Yashar Gulshen - March 2, 2012
Two key points about federalism should be mentioned at the beginning of this discussion:

First, one of the fundamental characteristics of federal political systems is the internal division of sovereignty. Dual sovereignty should not be confused with the separation of powers. As Mr. Hedayat Sultan-Zadeh said, “In all parliamentary democracies, there is a separation of powers, which is a necessary condition for a federal government; however, not all parliamentary governments are necessarily federal. For that to happen, there needs to be a vertical division of power or dual sovereignty within the country.” Local governments in a federal state are elected by the people of each area. They have their own parliament, government, police, and judiciary. They legislate and exercise sovereignty over matters such as education, health, tourism, natural resources, taxation, and key aspects of people's lives. They also have defined borders and a specific flag. The central government, in conjunction with these local governments and based on an agreement with them, deals with broader issues such as foreign relations, national defense, and coordination among federal states.

Second, the establishment of a federal state occurs through the voluntary union of independent units or newly freed territories from colonialism. There is no historical precedent to suggest that a centralized government, without undergoing political, ideological, and military collapse, would peacefully and willingly reorganize the existing governance system into a truly federal system. It is possible that dictatorial regimes, in the process of transitioning to popular and democratic rule, may decentralize and move toward a federal system. Based on this, some people hope that the potential process of federalism in Iran might necessarily go through this stage, but since no clear and reliable historical precedents are provided, and the exceptional examples mentioned are either classified as decentralized administrative systems or stem from the prior existence of national sovereignty, the available facts still suggest that a federal state can only be formed through the voluntary union of previously established local sovereignties.

Considering the two points above—that dual sovereignty exists in federal systems and the voluntary union of autonomous units—an interpretation of the issue is that the establishment of federal units precedes the existence of a central sovereignty. In other words, as long as a powerful central government is in place, it is impossible to establish a stable federal system. This is a point on which all experts agree.
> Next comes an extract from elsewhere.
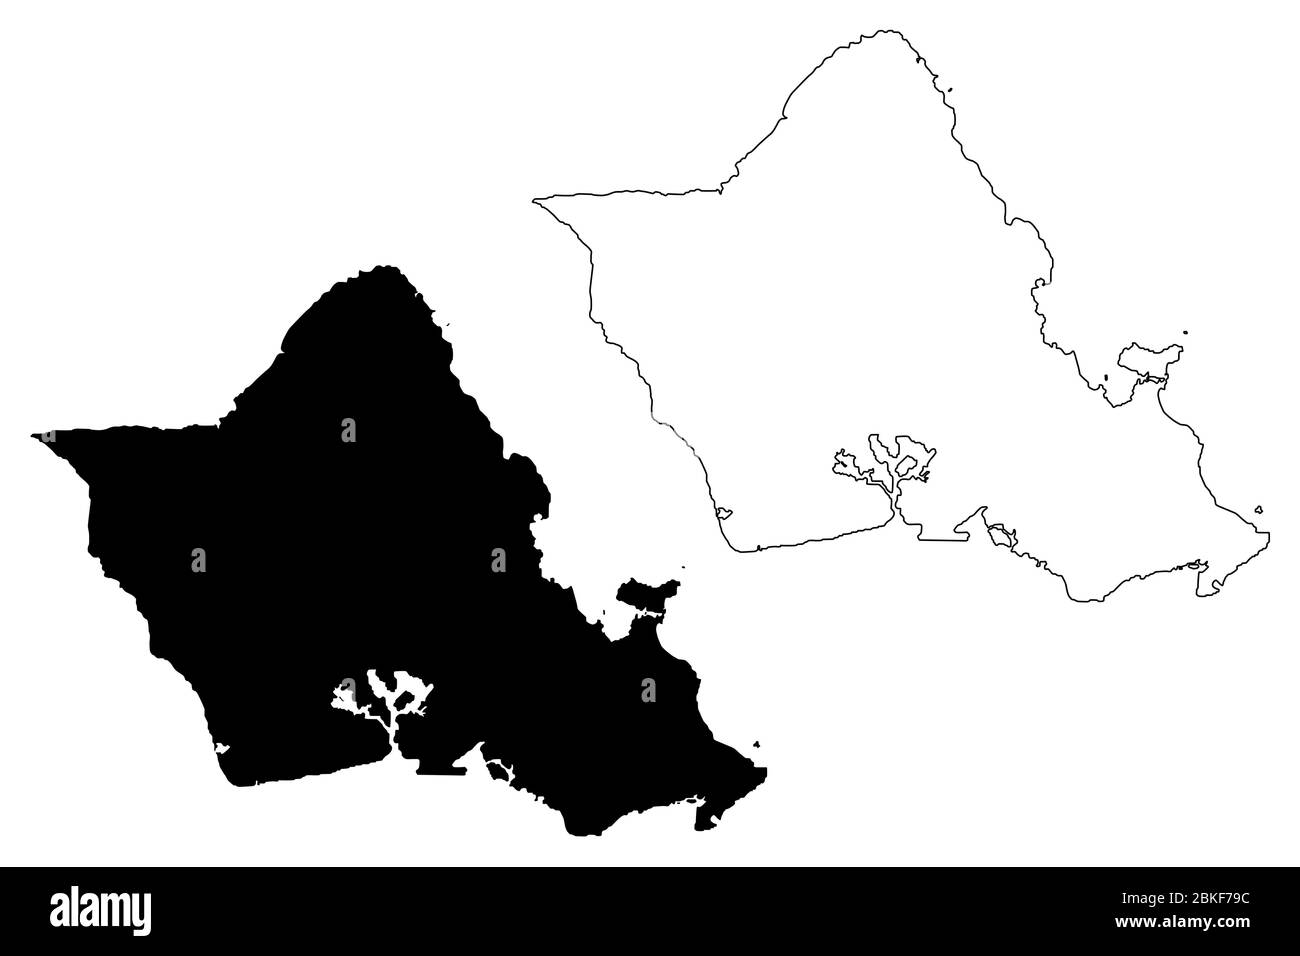 Ville et Comté d'Honolulu, Hawaï (comté des États-Unis, États-Unis d'Amérique, États-Unis, États-Unis, île, archipel) illustration vectorielle de carte, Scribble sket Illustration de Vecteur

Even those who view federalism as a simple division of administrative tasks acknowledge the necessity of not having a central power before establishing a federal government. For example, Mr. Seyed Hashem Hedayati, an activist for reform, explicitly opposed the formation of federal units based on what he calls ethnicity. However, even regarding his envisioned decentralized system, when it comes to the context of its establishment, he admits that “One of the serious obstacles to federalism is authoritarian, centralizing, and non-democratic governments.” His view of democracy is summarized as “the existence of collective will and the mental and practical desire of the inhabitants of the territory and country in question for establishing a federal system, as well as the majority agreement of these people through democratic means, such as referendums or other voting methods.” This view, if considered in the current situation of Iran, with its hysteria of ancient Persianism and Iranism among institutions, political parties, intellectuals, and ruling forces shaping public opinion, makes even this process seem impossible. Thus, it can be said with certainty that the establishment of federalism is contingent upon the collapse of the central government, the formation of national units, and ultimately, the voluntary agreement of these units.

Considering the above assumptions, let us now list the existing conditions in Southern Azerbaijan and present Iran:

  1. The government system in Iran, following Reza Shah’s coup, has been centralized and non-democratic, with its political, military, and judicial structures entirely focused on suppressing local governments and eliminating the grounds for the re-establishment of these governments.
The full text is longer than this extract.